One of the additional features of the system is that it sprays all the way underneath the car via a pipe on the floor of the wash. The old wash had the sort-of undercarriage wash which mostly sprayed a fan pattern from a low angle on the sides. It does great for getting the rocker panels and wheels, but beyond that it doesn't do much good underneath. I like the new one better.

My question stems from the fact that when I took my Subaru through it, there was a huge cloud of steam came up from the undercarriage wash hitting the hot exhaust underneath the engine. I got to thinking if I want to take my Cruze diesel through it as there is all of that sensitive electrical stuff underneath on the exhaust as well as a lot of electrical under the hood.

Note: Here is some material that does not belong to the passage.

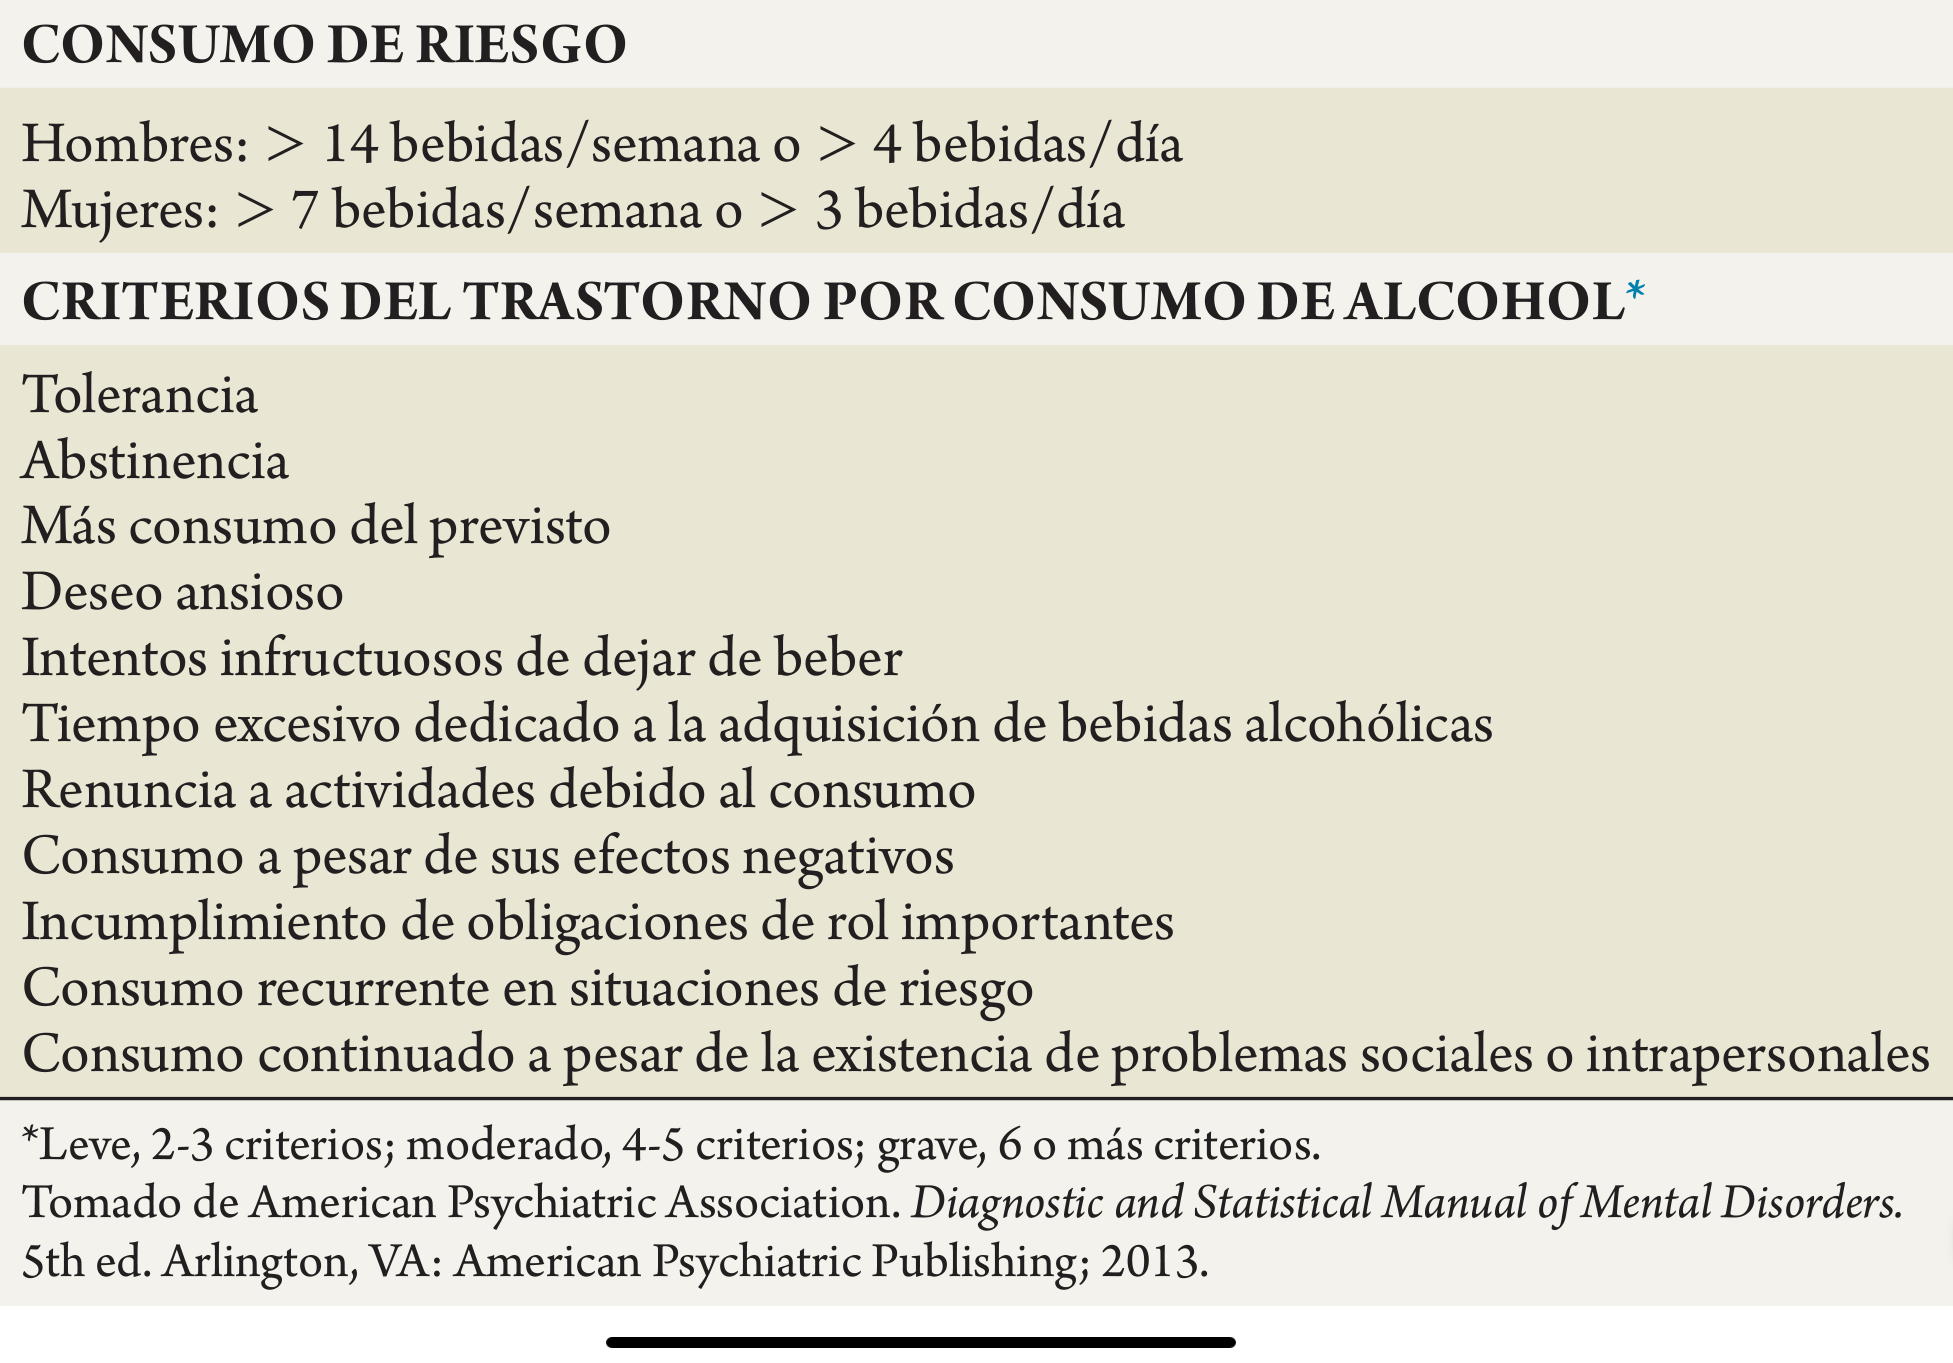 Términos y criterios sobre las pautas de consumo de alcohol
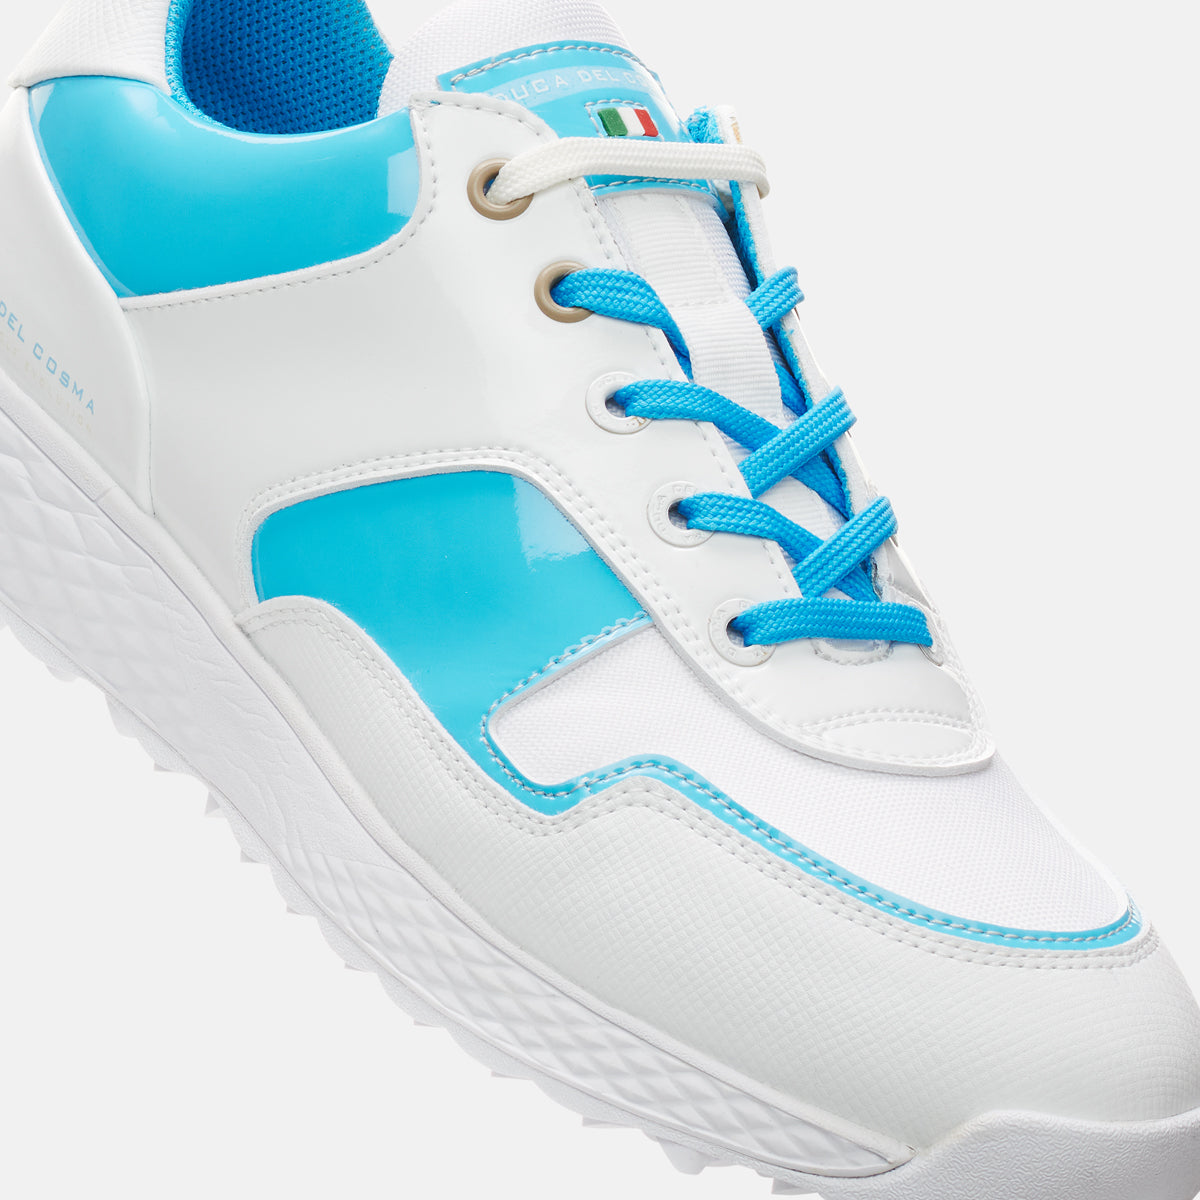 waterproof golf shoes women

So what are your thoughts? Is it safe to take my Cruze through this type of wash? In the spring, I always pressure wash the undercarriage by hand, but I do it when the engine is largely cold and obviously I'm not spraying straight up with a wand.


----------



## Robby (Mar 1, 2013)

As long as it's not hitting it with too high a pressure I can't imagine it hurting a thing.
Everything under the car is designed around dealing with road spray........I think you'll be just fine.

Rob


----------



## Scott M. (Apr 23, 2013)

I agree... I have to believe the emission stuff is designed to handle the harsh environments.


----------



## GotDiesel? (Sep 9, 2013)

Its a great idea to gut the under carriage steamed and cleaned especially in the winter time .


----------



## KpaxFAQ (Sep 1, 2013)

I go through a good one once a week. If you look under the car not much is even exposed because of the removable panel.


----------



## ParisTNDude (Oct 7, 2013)

My touchless car wash does the undercarriage as well. It's located at the entrance and works while you drive in. I usually go the length of the car very slowly to get the full benefit of the underside wash. If you're worried about the pressure from the car wash hurting stuff under the car, I really doubt that pressure comes very close to running through a water puddle in the road. That can sometimes give your car a pretty good blast!


----------